Saved data entries ->

== == ==

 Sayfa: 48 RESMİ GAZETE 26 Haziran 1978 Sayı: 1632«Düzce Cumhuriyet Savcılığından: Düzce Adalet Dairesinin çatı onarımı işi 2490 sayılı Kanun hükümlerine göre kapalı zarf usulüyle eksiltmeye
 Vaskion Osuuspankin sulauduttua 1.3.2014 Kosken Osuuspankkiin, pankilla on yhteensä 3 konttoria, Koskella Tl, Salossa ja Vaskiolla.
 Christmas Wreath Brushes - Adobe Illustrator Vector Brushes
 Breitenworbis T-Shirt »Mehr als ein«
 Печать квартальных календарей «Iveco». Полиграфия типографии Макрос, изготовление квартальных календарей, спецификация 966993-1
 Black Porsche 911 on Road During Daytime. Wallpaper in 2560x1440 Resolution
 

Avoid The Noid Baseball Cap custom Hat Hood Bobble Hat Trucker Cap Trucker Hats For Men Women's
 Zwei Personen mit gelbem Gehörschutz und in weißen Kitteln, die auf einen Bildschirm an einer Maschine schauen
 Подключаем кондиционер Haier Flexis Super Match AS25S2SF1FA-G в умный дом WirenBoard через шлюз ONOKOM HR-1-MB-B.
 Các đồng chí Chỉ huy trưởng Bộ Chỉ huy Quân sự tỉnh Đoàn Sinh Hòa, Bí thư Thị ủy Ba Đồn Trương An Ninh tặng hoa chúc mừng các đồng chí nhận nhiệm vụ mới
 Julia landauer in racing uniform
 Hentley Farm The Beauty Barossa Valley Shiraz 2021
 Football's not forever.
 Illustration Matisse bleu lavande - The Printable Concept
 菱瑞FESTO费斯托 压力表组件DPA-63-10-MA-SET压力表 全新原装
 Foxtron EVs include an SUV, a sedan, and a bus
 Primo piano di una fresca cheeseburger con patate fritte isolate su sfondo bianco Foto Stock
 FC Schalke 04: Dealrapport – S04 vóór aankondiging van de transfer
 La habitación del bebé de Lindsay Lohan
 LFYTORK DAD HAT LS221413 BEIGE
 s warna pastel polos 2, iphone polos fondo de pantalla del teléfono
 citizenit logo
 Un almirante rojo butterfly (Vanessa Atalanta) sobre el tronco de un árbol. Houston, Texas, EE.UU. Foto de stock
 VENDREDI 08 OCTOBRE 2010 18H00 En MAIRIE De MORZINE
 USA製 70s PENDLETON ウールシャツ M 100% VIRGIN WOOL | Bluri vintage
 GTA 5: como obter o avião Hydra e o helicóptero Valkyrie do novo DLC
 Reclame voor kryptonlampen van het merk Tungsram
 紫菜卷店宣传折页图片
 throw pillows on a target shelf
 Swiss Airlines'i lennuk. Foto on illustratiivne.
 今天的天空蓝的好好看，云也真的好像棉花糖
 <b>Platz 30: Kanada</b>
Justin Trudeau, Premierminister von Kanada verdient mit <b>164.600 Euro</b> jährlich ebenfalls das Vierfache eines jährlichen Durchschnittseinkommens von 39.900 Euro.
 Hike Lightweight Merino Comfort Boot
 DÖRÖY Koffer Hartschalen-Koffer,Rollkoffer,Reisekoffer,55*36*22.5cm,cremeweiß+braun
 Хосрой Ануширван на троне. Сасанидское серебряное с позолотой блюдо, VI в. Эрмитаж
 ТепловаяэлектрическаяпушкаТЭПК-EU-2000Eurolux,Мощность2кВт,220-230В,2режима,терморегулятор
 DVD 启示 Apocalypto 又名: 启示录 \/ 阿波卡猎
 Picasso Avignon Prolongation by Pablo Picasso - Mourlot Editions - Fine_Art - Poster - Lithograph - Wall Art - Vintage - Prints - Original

== == ==

An exact copy of the lines above between the line holding "Các đồng chí Chỉ" and the line holding "VENDREDI 08 OCTOBRE", inclusive, is the whole answer.

RESPONSE ->
 Các đồng chí Chỉ huy trưởng Bộ Chỉ huy Quân sự tỉnh Đoàn Sinh Hòa, Bí thư Thị ủy Ba Đồn Trương An Ninh tặng hoa chúc mừng các đồng chí nhận nhiệm vụ mới
 Julia landauer in racing uniform
 Hentley Farm The Beauty Barossa Valley Shiraz 2021
 Football's not forever.
 Illustration Matisse bleu lavande - The Printable Concept
 菱瑞FESTO费斯托 压力表组件DPA-63-10-MA-SET压力表 全新原装
 Foxtron EVs include an SUV, a sedan, and a bus
 Primo piano di una fresca cheeseburger con patate fritte isolate su sfondo bianco Foto Stock
 FC Schalke 04: Dealrapport – S04 vóór aankondiging van de transfer
 La habitación del bebé de Lindsay Lohan
 LFYTORK DAD HAT LS221413 BEIGE
 s warna pastel polos 2, iphone polos fondo de pantalla del teléfono
 citizenit logo
 Un almirante rojo butterfly (Vanessa Atalanta) sobre el tronco de un árbol. Houston, Texas, EE.UU. Foto de stock
 VENDREDI 08 OCTOBRE 2010 18H00 En MAIRIE De MORZINE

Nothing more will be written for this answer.